05/06/2006

Fala o Áugure

para o José Antunes Ribeiro, logo também para o Miguel

Habitarás pouco tempo tua casa.
Alguma dor inchará a hora, não os anos.
Serás corrupto e corromperás.

Ao espelho da barba, a cor branca dos fios.
Ao mesmo, o outro olhar sem actor.
Despojarás as tripas de sua merda fiel.

A rosa e o pardal podem comover-te.
Tudo misturarás: a rosa castanha, o encarnado pardal.
A cidade far-te-á mal.

Recordarás sempre o outro mar.
Não o que iça barcos e gaivotas,
mas o que enche de areia o coração.

Nunca amarás. Ou nunca mais o farás.
O fresco outonal acabarás preferindo.
Haverás de comer em pensões frias.

Os outros que morram. Num caderno
depositarás esse sal. E ainda
o de seguires vivo sem nudez, nem fé.

Recebeste cedo a oferenda da língua.
Entregá-la-ás tarde e a más horas.
Bestas de relincho apuparão cada verso.

O étimo infante não fala.
Tu falarás, ouvindo: o vento nos cedros,
o gasóleo nos carros, o pardal na rosa.

Sofrerás tua vaidade. Contrapô-la-ás
à transparência da mudez. Quando
te afligir o tabaco, fumarás.

Preceitos e receitas não te valerão.
Preferível te será ver a bola
em pastelarias iguais ao milénio.

De idiomas bárbaros saberás um pouco.
Convém, sempre convém, saber
perguntar a rua ao presidente americano.

Prata abrasarás como sardinha.
Pimentos e melão serão o estio.
Escrever é como ter frio.

Morrerás de cor: assim não vivesses.
Ele há exposições universais:
por um dólar, o Japão e as Ilhas Tropicais.

Haja saúde. Que a virtude
só há no praticado.

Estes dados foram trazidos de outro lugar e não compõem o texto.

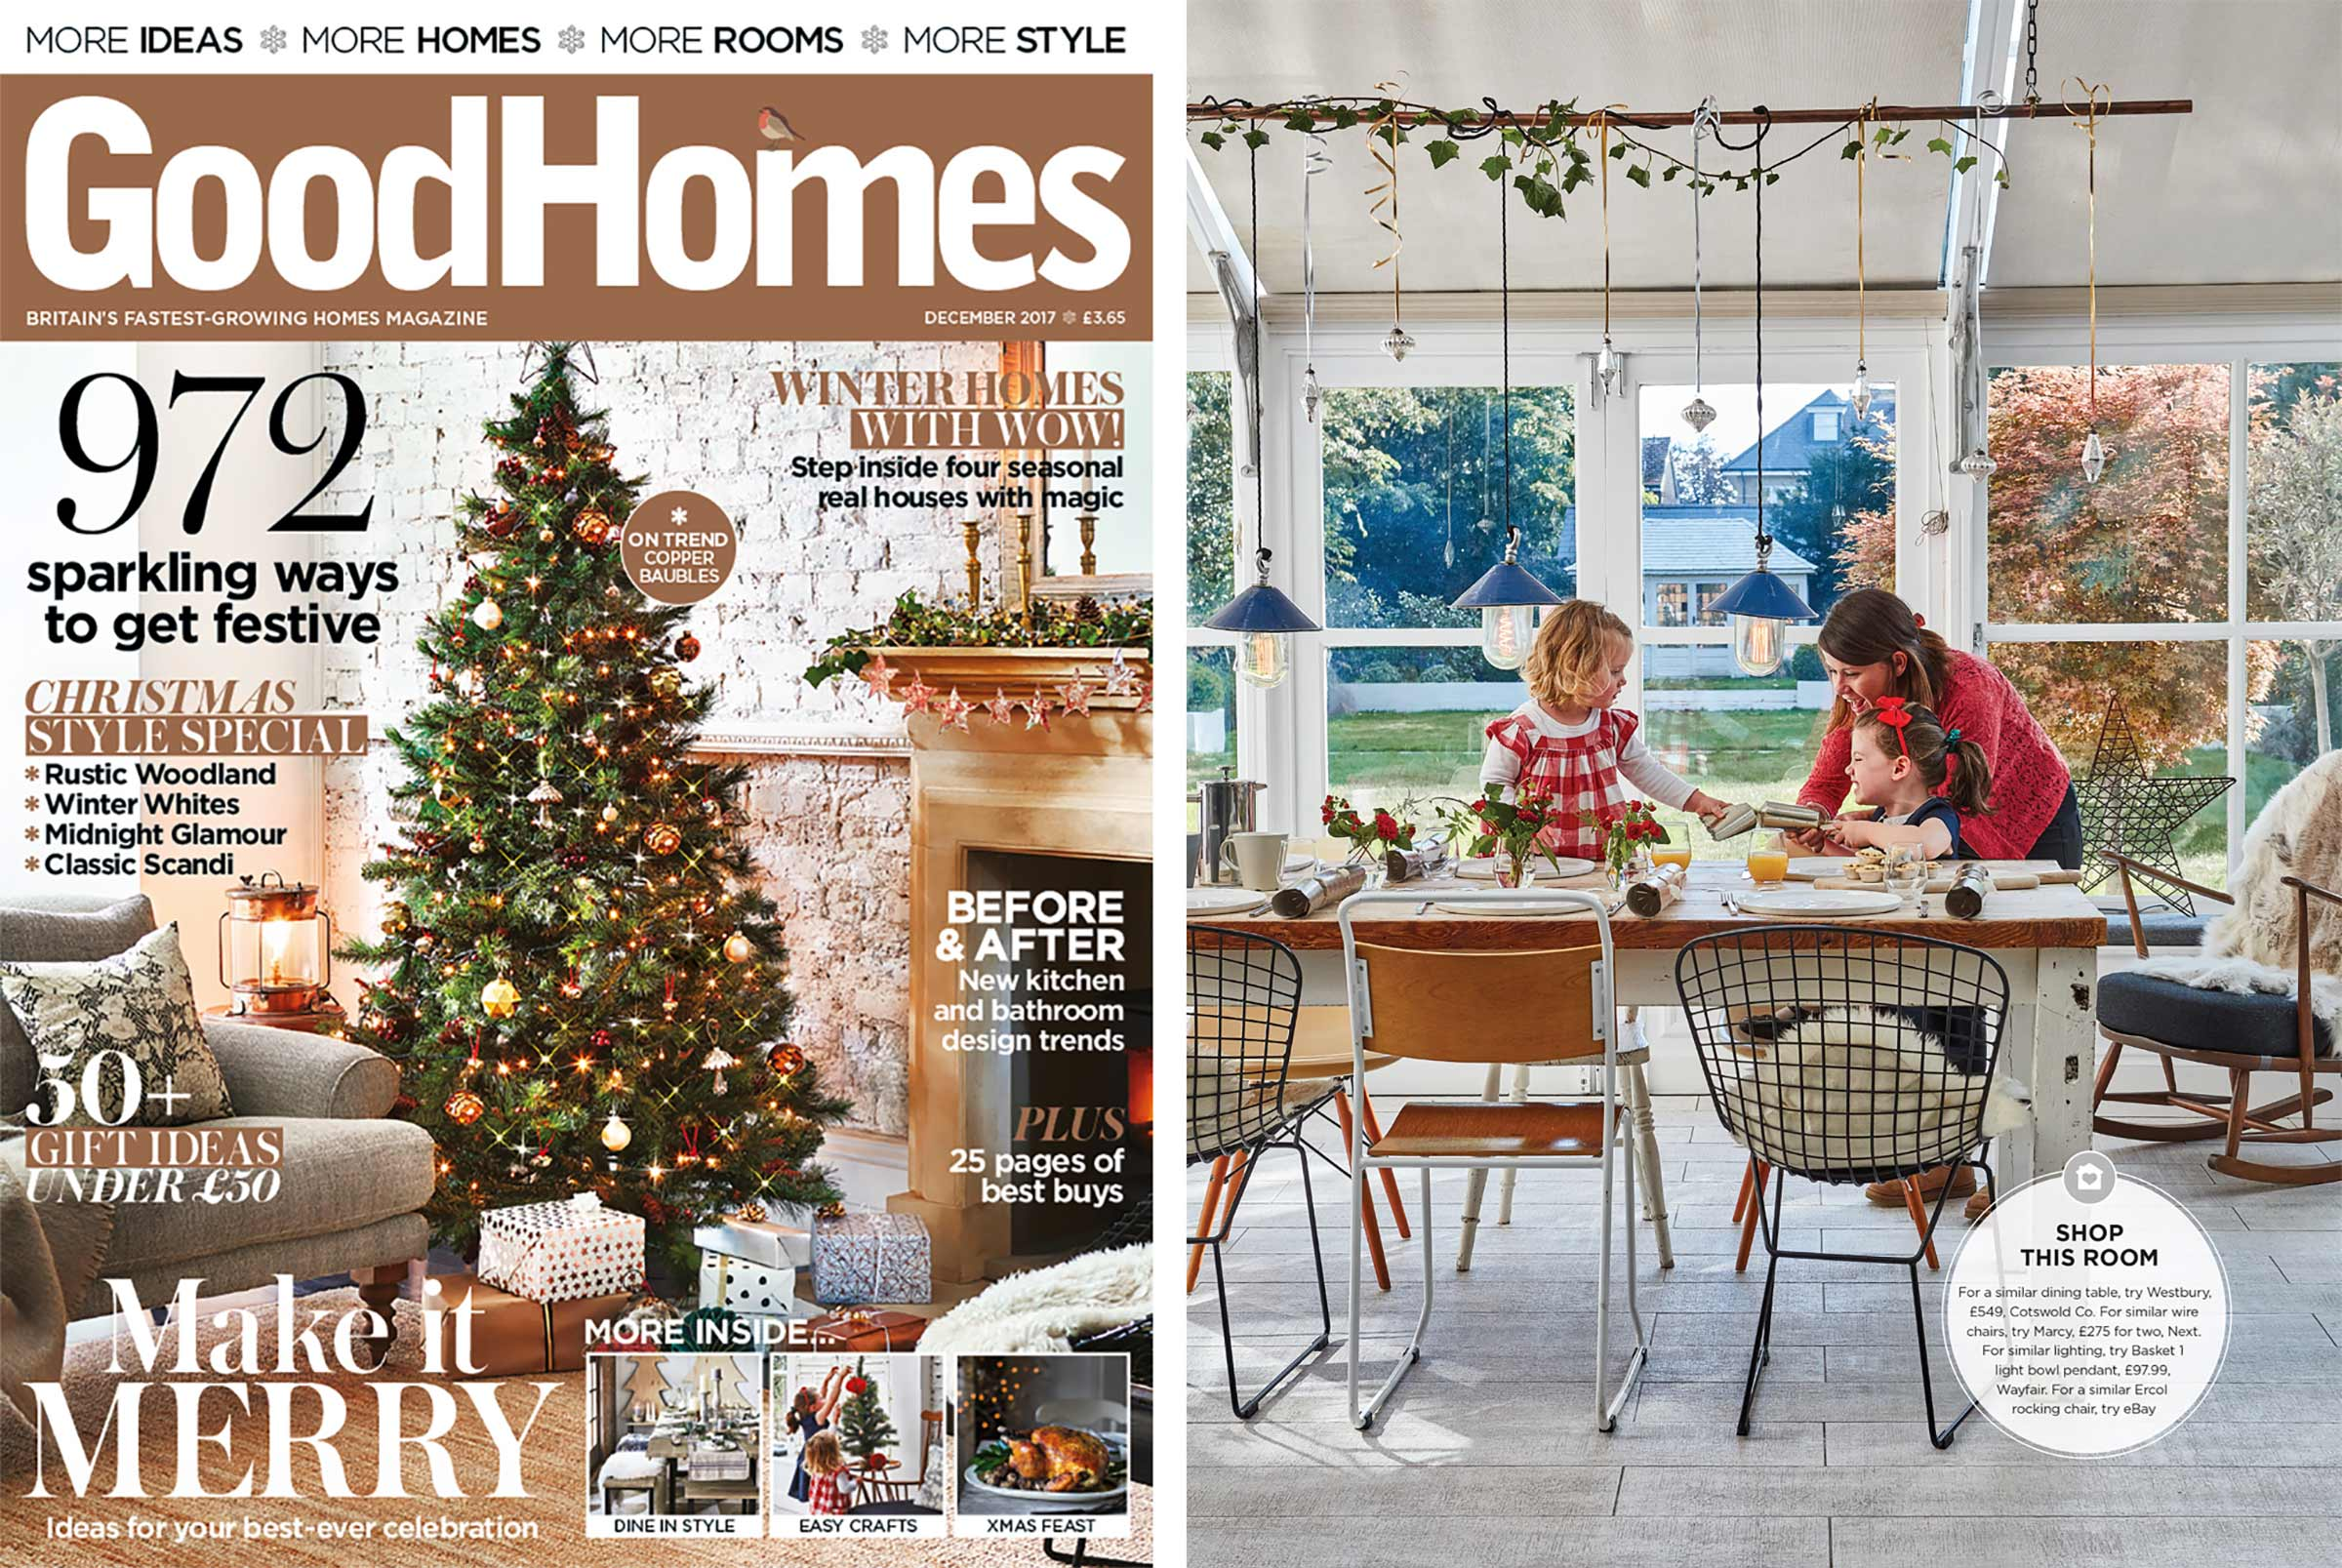 Good+homes+DEC_COVER.jpg

Além dela
temos sopa, pão, azeitonas.

Constantino, Imperador, errou.
O Peixe comeu os leões.
De Roma emana a praga egípcia.

Subido à serra, na noite-mapa,
confundirás estrelas com minutos.
Assim são, na verdade.

Numa associação recreativa,
entre homens de vidro, serás
de pedra. Jogarás o ás.

Repara agora: recolhem já
o baralho, os cinzeiros, as cadeiras.
Espero-te aqui amanhã.



Caramulo, manhã de 5 de Junho de 2006

2 comentários:

José Antunes Ribeiro disse...

Caro Daniel,
Obrigado,especialmente pelo meu filho Miguel...Mesmo quando a dor não tem remédio é sabido que o planeta continua a girar!
Que coincidência! Andava eu para vir aqui dizer que te leio com imenso prazer, grande poeta, grande cronista,num país onde os medíocres ocupam as "cátedras" com a sua imensa lábia...Que havemos de fazer?!...
Um grande abraço!
Zé R.

Daniel Abrunheiro disse...

O que havemos de fazer, Zé? Existir é resistir. A gloríola que se foda. No meu ínfimo plano, também tenho um ou dois ranhosos à perna. Posso tão bem com eles. Viva a vida!